Once you have downloaded the data you will find number of folders containing snowpack data in various forms...


        🏔️ rocky_mountain_snowpack
        ┣ 📂 preprocessed # Contains the fully preprocessed snowpack images
        ┃  ┗ 📂 cores # Contains images of the snow cores
        ┃  ┗ 📂 magnified-profiles # Contains magnified images of snowpack
        ┃  ┗ 📂 profiles # Contains non-magnified images of snowpack
        ┃  ┗ 📂 written_labels # Contains images of segmented labels used for determining location
        ┣ 📂 raw # Contains raw images of snowpack collected from the rocky mountains using the mini-coring method 
        ┃  ┗ 📂 magnified-profiles # Contains magnified images of snowpack
        ┃  ┗ 📂 crystal_cards # Contains images of unsegmented crystal cards
        ┣ 📂 metadata # Metadata of the dataset stored in JSONL files
        ┃  ┗ 📄 raw.jsonl # Metadata for all raw images
        ┃  ┗ 📄 preprocessed.jsonl # Metadata for all preprocessed images
        ┃  ┗ 📄 train.jsonl # Metadata on suggested train split of the dataset
        ┃  ┗ 📄 test.jsonl # Metadata on suggested test split of the dataset
        ┃  ┗ 📄 validation.jsonl # Metadata on suggested validation split of the dataset
        ┣ 📜 LICENSE.txt # CC-by-4.0 license
        ┗ 📜 README.md # Dataset guide, read!
        
The fully segmented and preprocess data will be within the preprocessed folders like rocky_mountain_snowpack/preprocessed/magnified_profiles. Labels for each image can be found within the JSONL files found in the metadata folder (i.e. rocky_mountain_snowpack/metadata/preprocessed.jsonl). Each image is attached spatially and temporally to the other images, especially across the datatypes cores, magnified profiles, and profiles.

This dataset was collected with a method that allows you to related each image within the dataset to all the other images in the dataset, alongside environmental features like world outside of the image! Each image is attached to a specific time and location, alongsige it's location in the snowpack, allowing you to relate important timeseries to the data such as temperature, snowfall, or avalanch risk predictions from the Colorado Avalanche Information Center. Alongside this a rich amount of other data is collected at each site to create a comprehensive labeling of each image.

Example crystal card For example, the label for this crystal card indicates this image was collected from the 1st site, in the 1st column, in the 4th core, and we are picturing the 1st segment. If we looked at the label for the image we would see these same labels attached to the image in the metadata alongside the following information
  • Datatype
  • Avalanches spotted
  • Wind loading
  • Snowpack depth
  • Core depth
  • Slope face
  • Slope angle
  • Air temperature
  • Core temperature
Using this information we can train an AI to do so many things!

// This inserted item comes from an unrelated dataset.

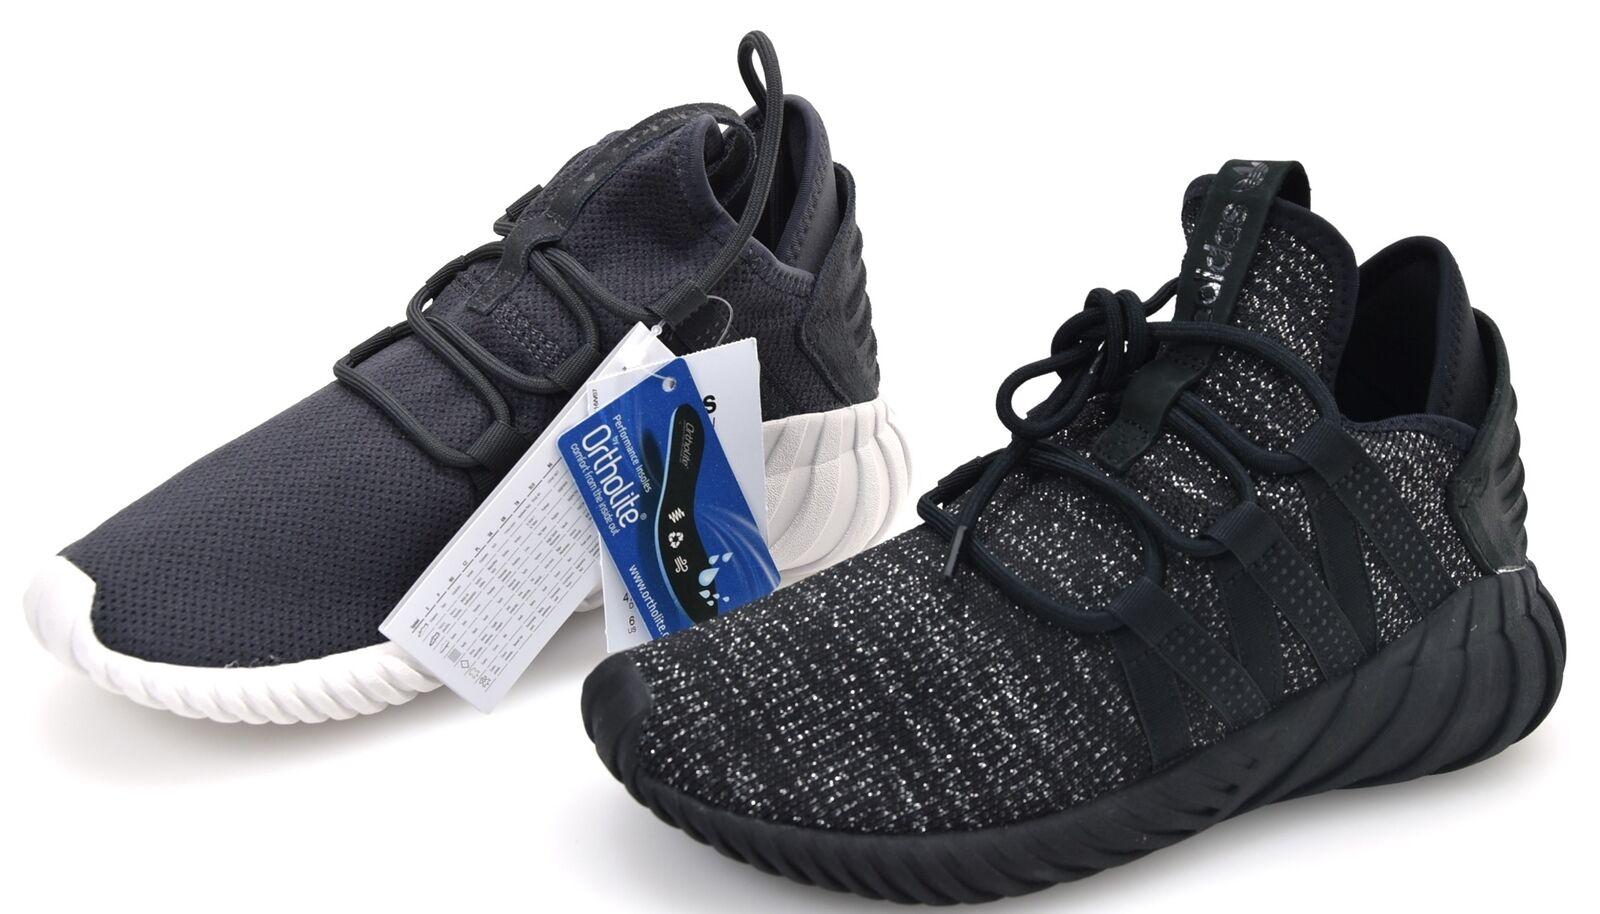 ADIDAS WOMAN SPORTS baskets RUNNING chaussures CODE BZ0631 - BZ0629 TUBULAR DAWN W
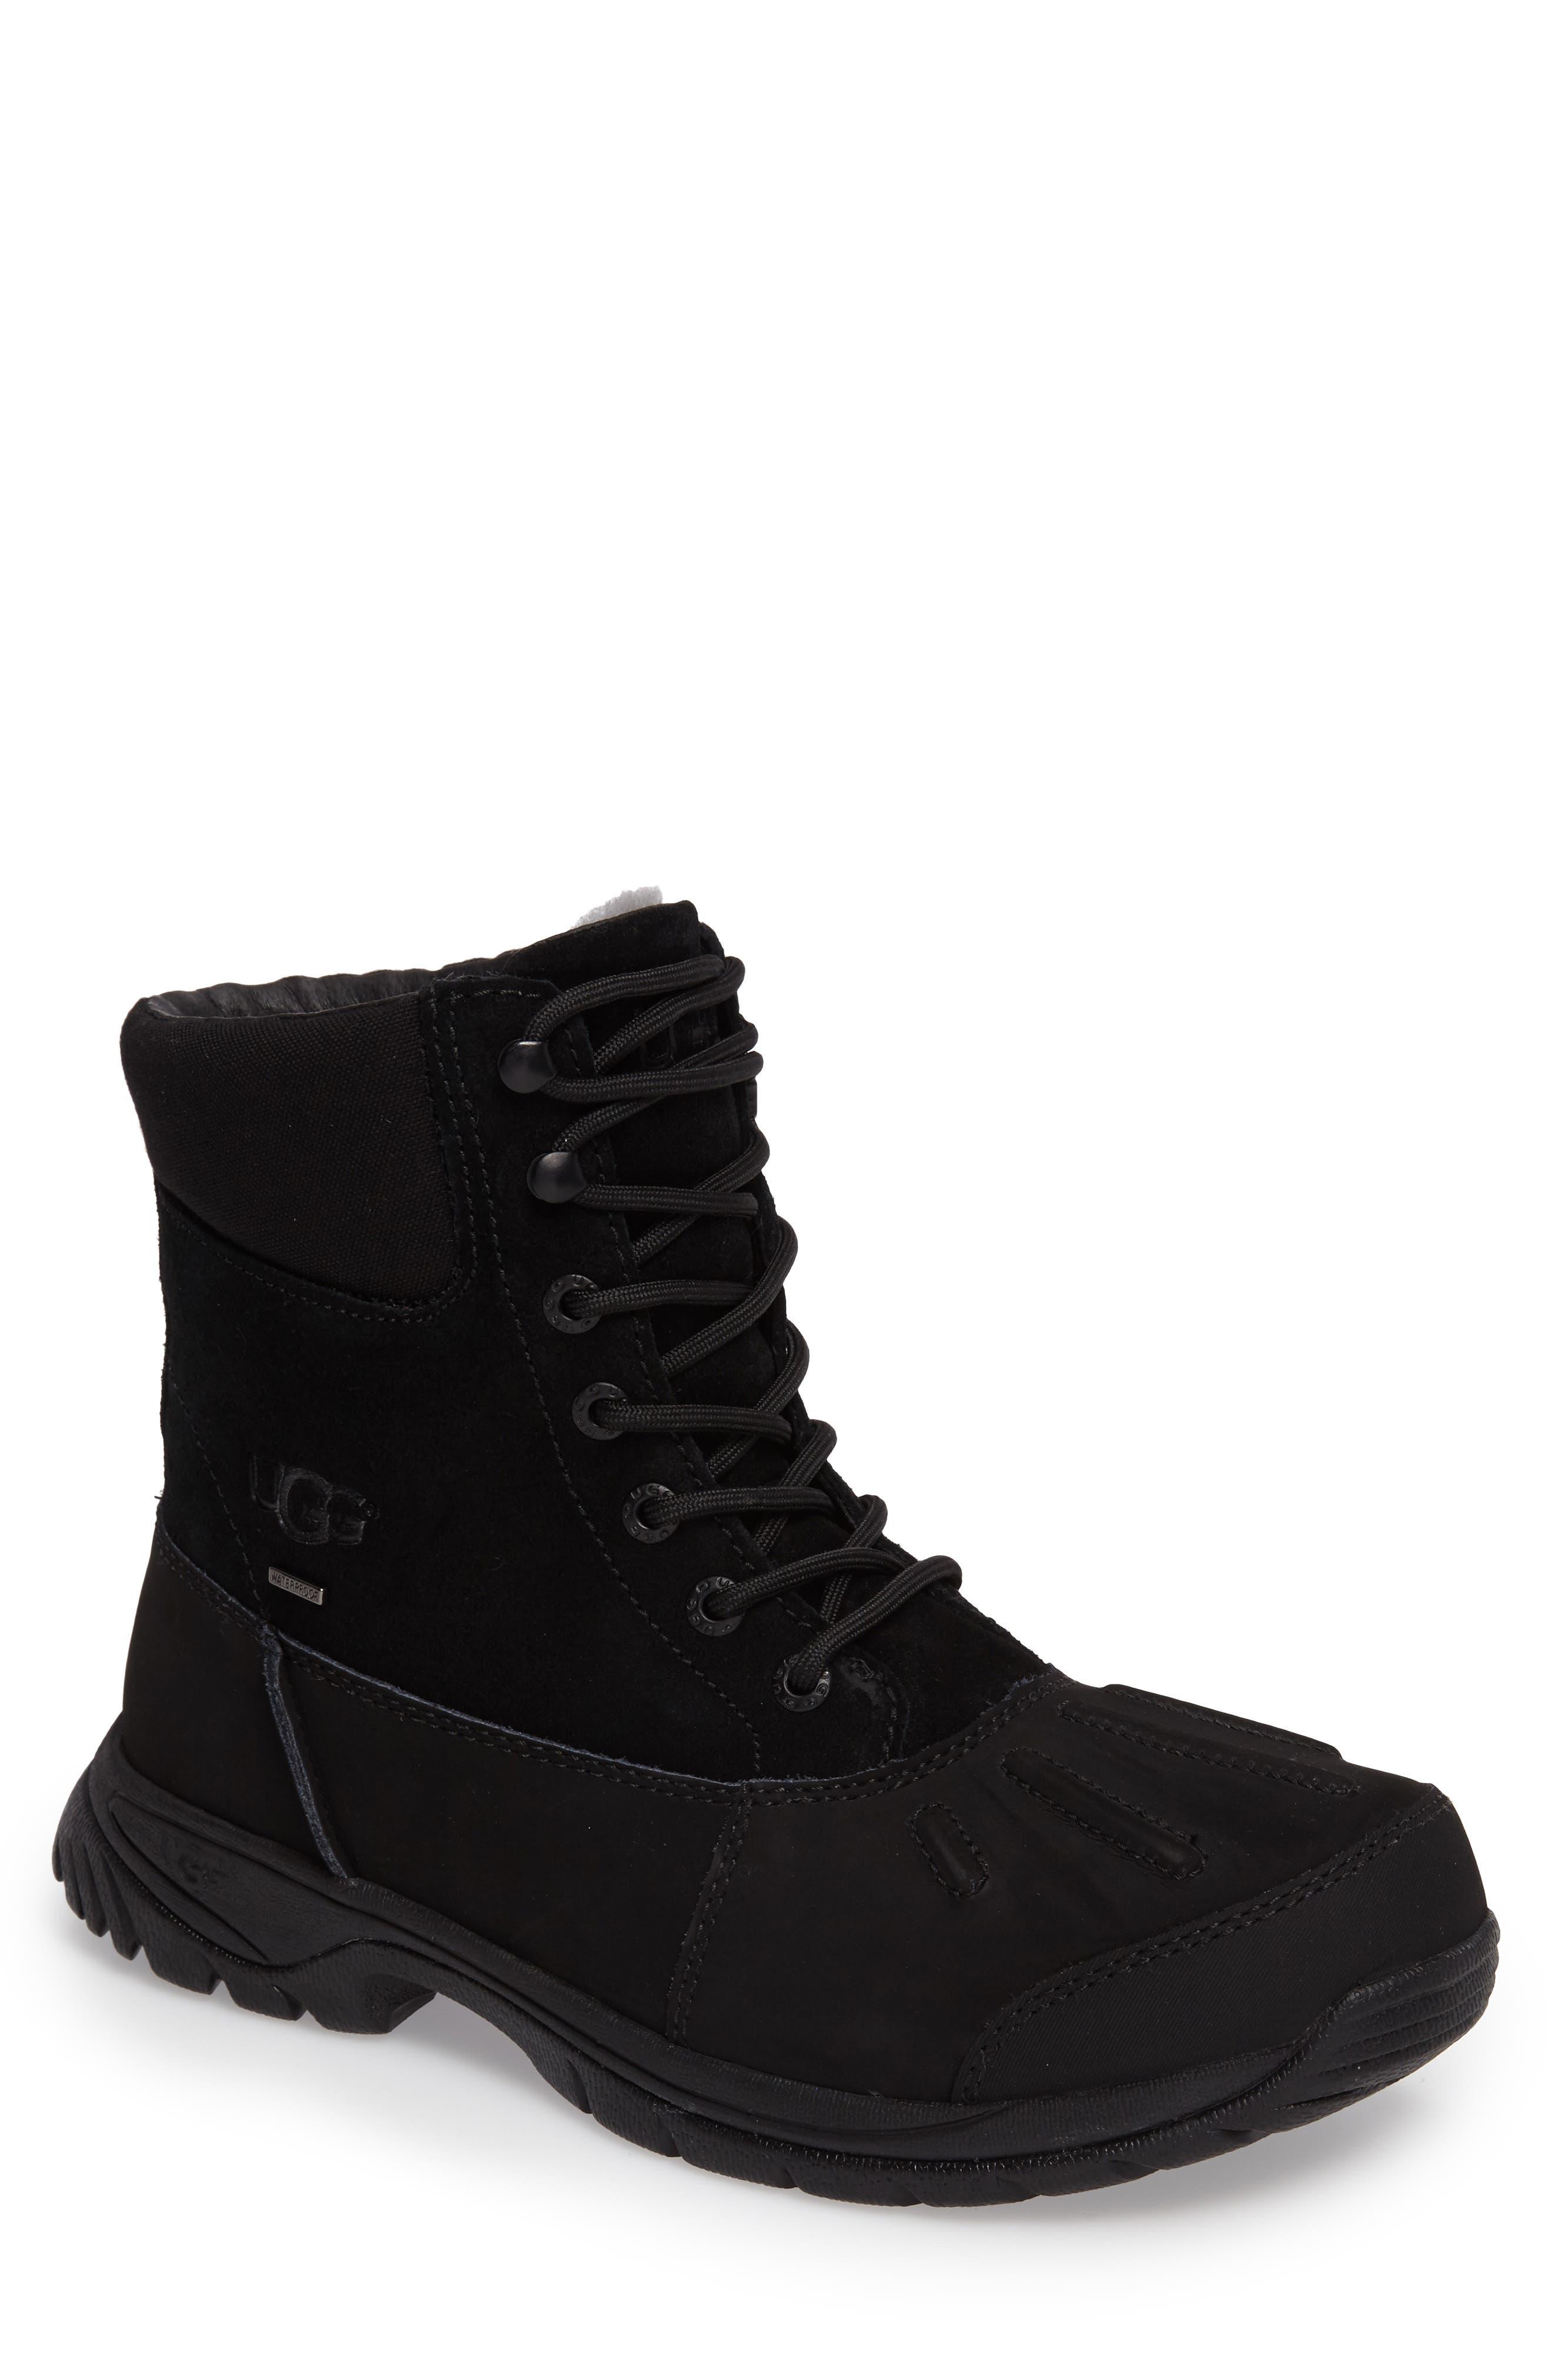 'Metcalf' Snow Boot, Main, color, 001

So far as mentioned I've built two generative models to try and learn the features of the datatypes themselves, through generative AI.

Using these same pre-trained models, or your own model you've built from scratch, we could leverage machine learning to train all kinds of AI. Most importantly we could try and predict the avalanche risk, each image has a label for avalanches spotted nearby attached. If we trained an AI to predict this, then simply outputted the number of avalanches it could be a metric of avalanche activity.